Yeah, it’s based in research I was already doing. I’ve been reading a lot about corvid intelligence and doing thinking about how they would develop as thinkers. When I am doing something like this, I end up trying to create the art of the creatures I am hoping to understand. What does a dog riddle look like? What is squid poetry? What myths do crows tell one another? Some of these are accessible, but most are opaque to anyone but me, so I never show them to people. “Noah’s Raven” is not a myth a crow would tell—anthrocentric and not based on the things that crows would actually care about, and Bessary thinks much too much like a human—but thinking about crow myths took me to thinking about human myths with corvids in them, and then I realized I wanted to tell this particular story.

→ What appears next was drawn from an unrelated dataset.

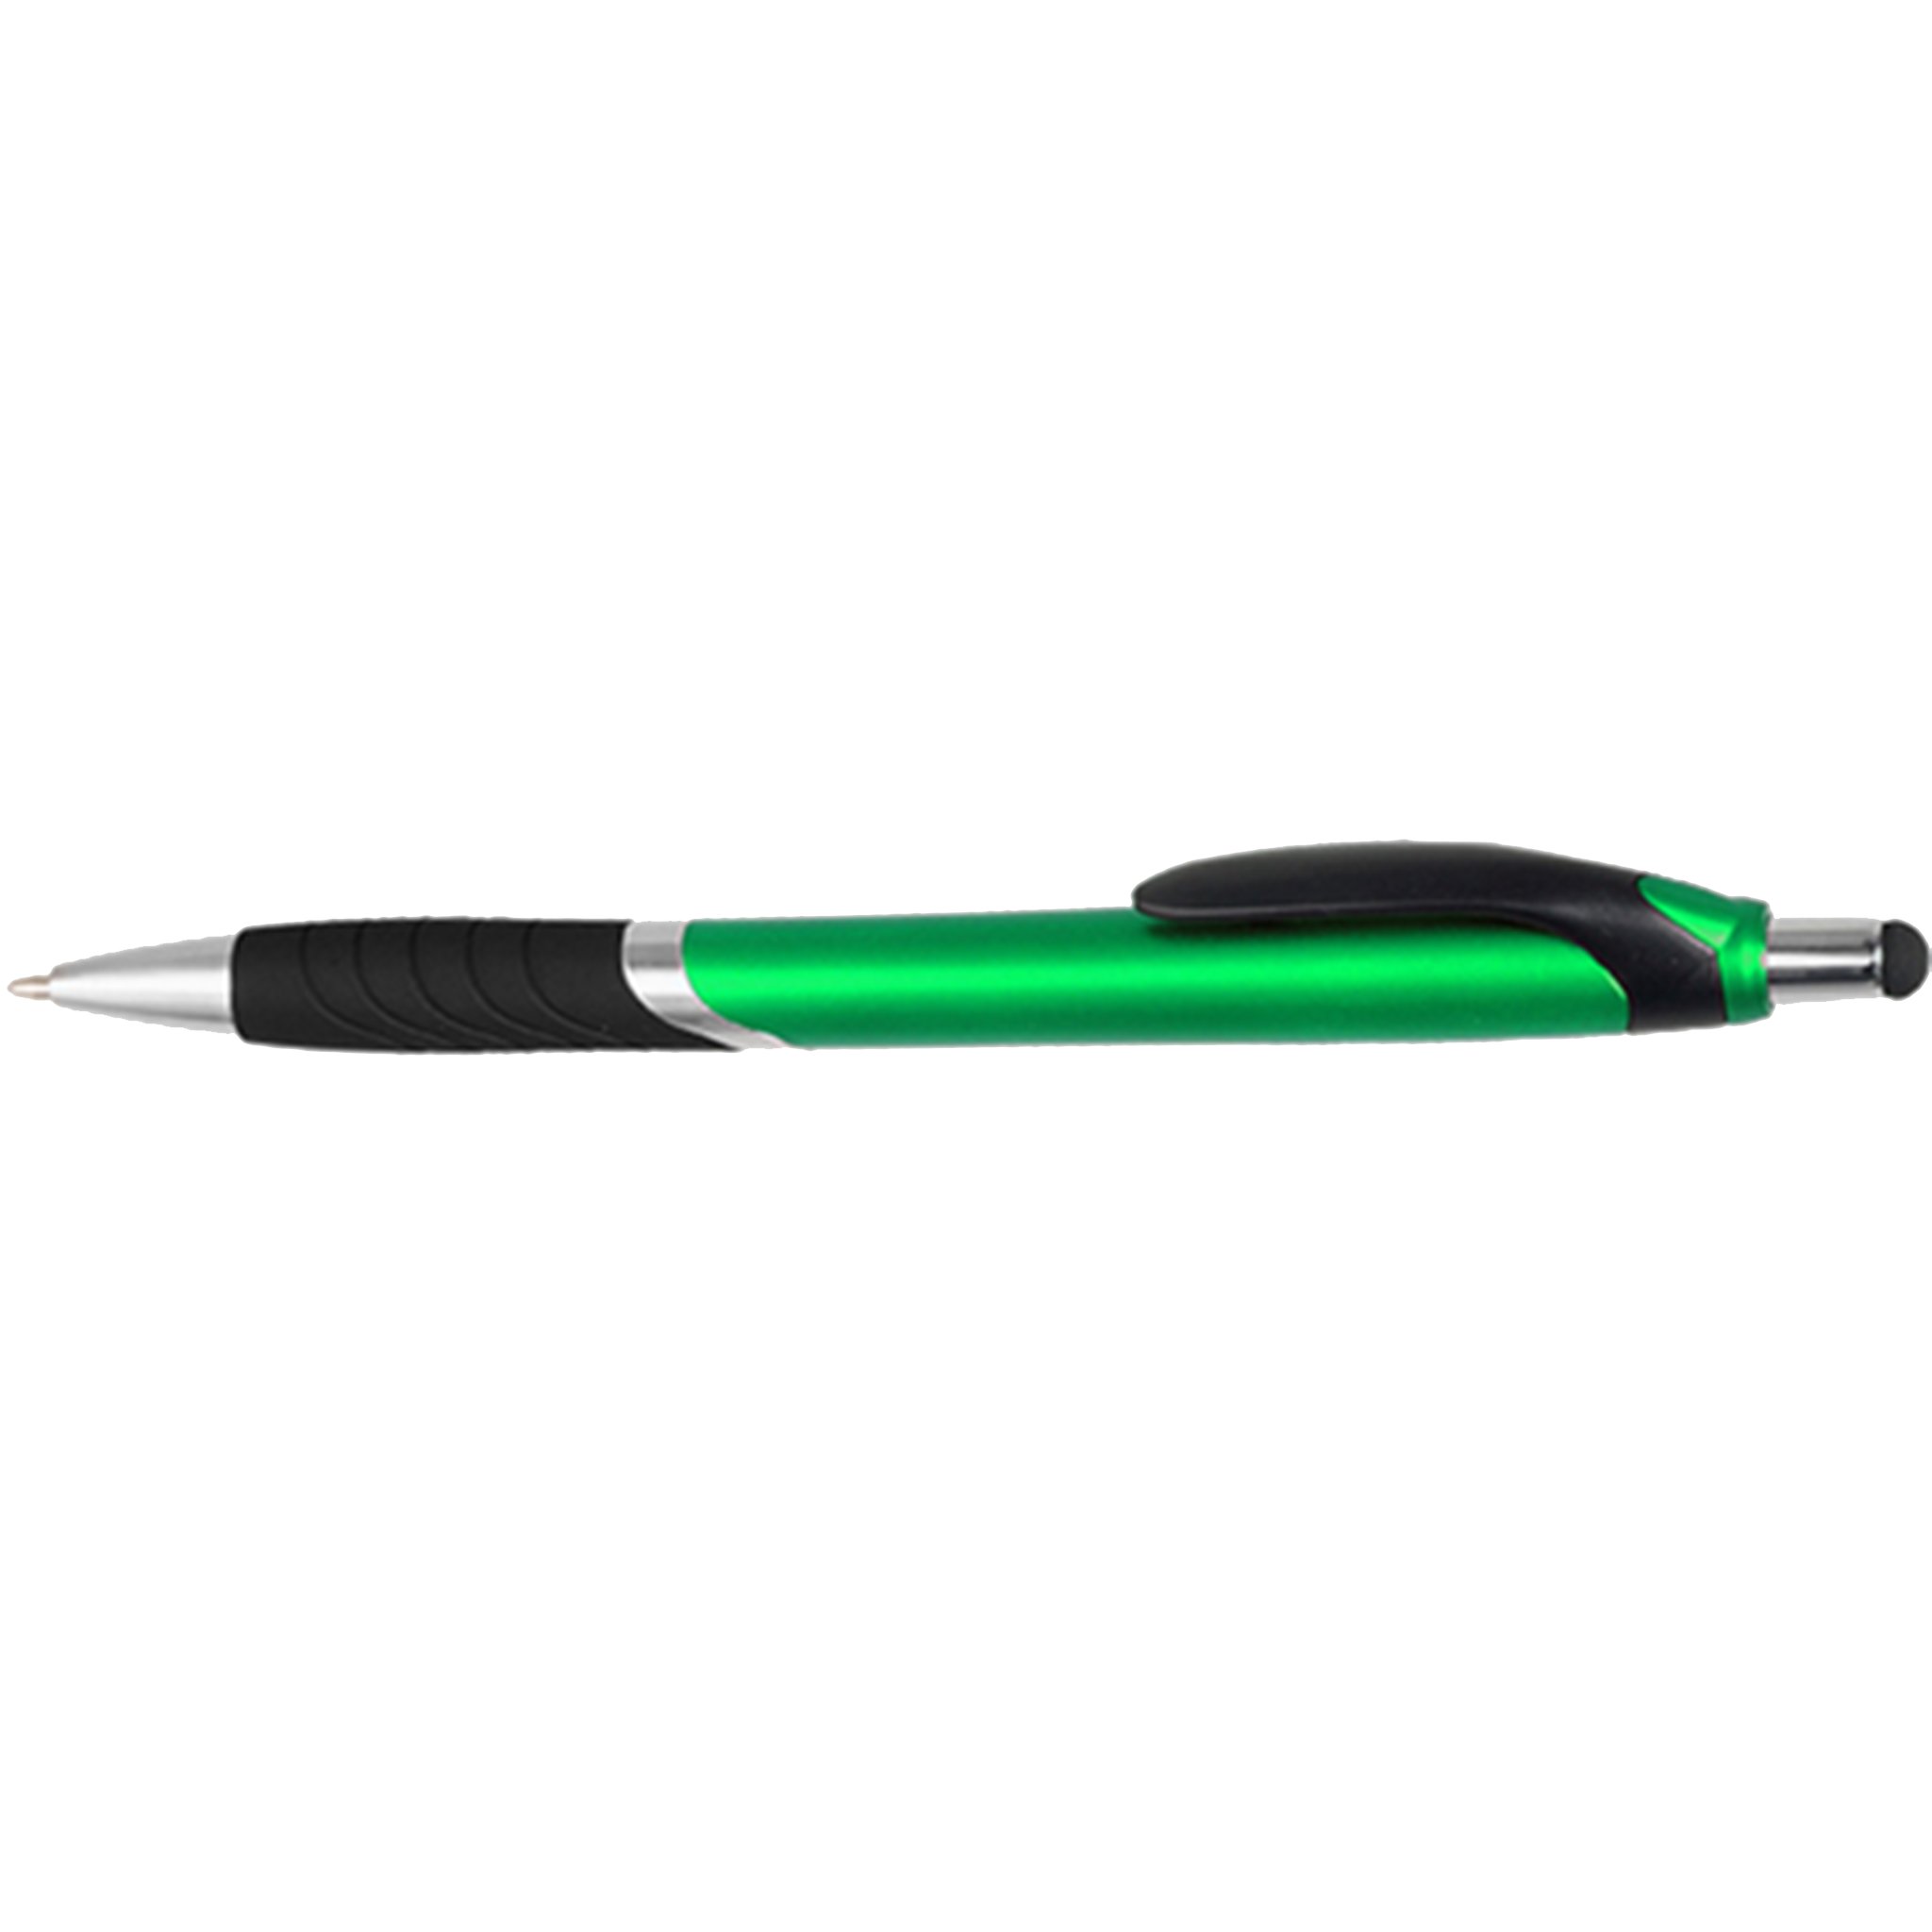 Plastic Pens with Screen Stylus - 50 Pack - Green Casing Color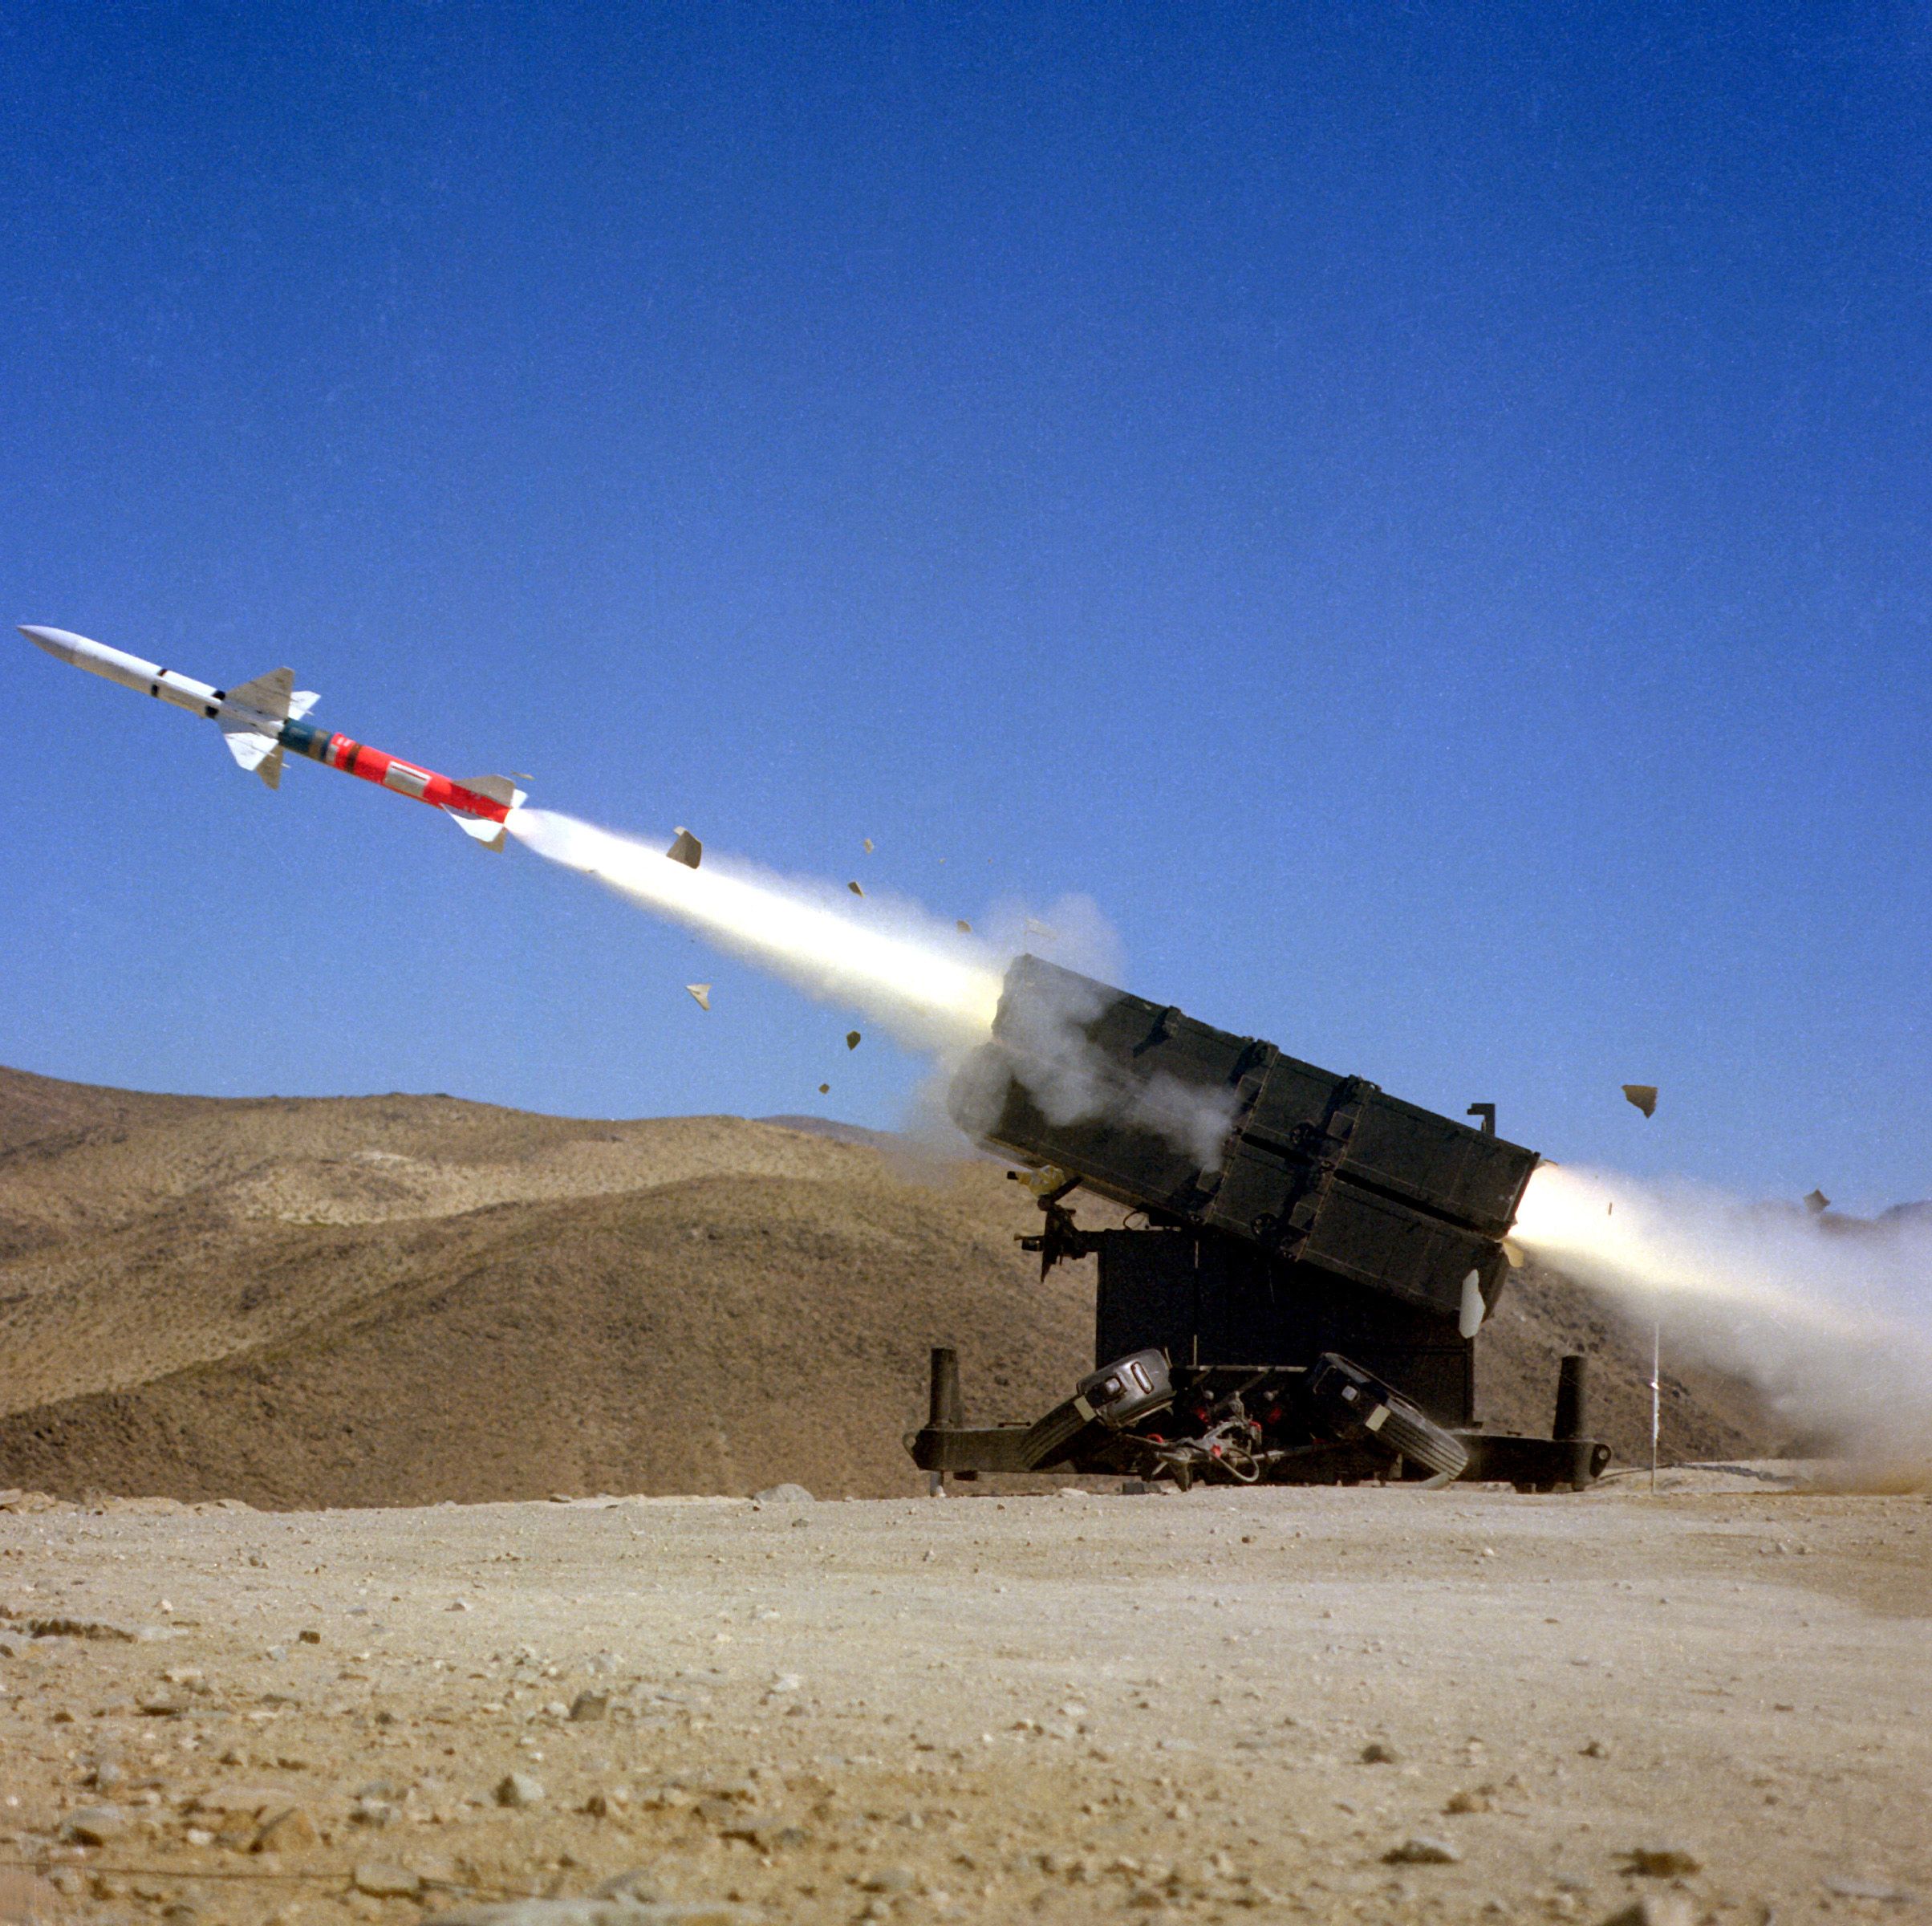 A Lack of Experience Isn't Stopping the U.S. From Giving Ukraine Sea Sparrow Missiles

Are there any Easter eggs in this story? Your work is famously open to interpretation, but what do you think the ideal reader might notice or take away from this?
There are lots! I always pile a lot of references of every sort into my stories. Talking about them takes some of the fun out of them being there, but I’ll tell you that there are references to Julian Barnes, Stephen King, Bernt Heinrich’s prose, Narnia, and ancient bestiaries, just off the top of my head. There are some specific phrases which hat-tip to authors I love or have been reading. And of course Bessary and Arum are also the Norse ravens who advise Odin, Huginn and Muninn, Thought and Memory.
What kind of class would you most like to teach? Or attend? Doesn’t have to be writing-related.
I would love to take a really deep dive into writing about nonhuman intelligences from a craft standpoint. How do I balance the reader’s ability and willingness to read with the requirements of a truly alien voice and perception? I do most of this work alone, but wouldn’t it be great to have a roomful of peers thinking about the same stuff? I am lucky, though, in that I teach writing every year in venues that allow me to do whatever I like. I would love to take Icelandic classes, though I am not great with languages.
What are you working on? What can we look forward to next from you?
I am slooooooowly writing a short story to get it out of my hair before I start really drilling into the space opera. I am thinking a lot about another Vellitt Boe story, as well, but this one is waiting in the wings.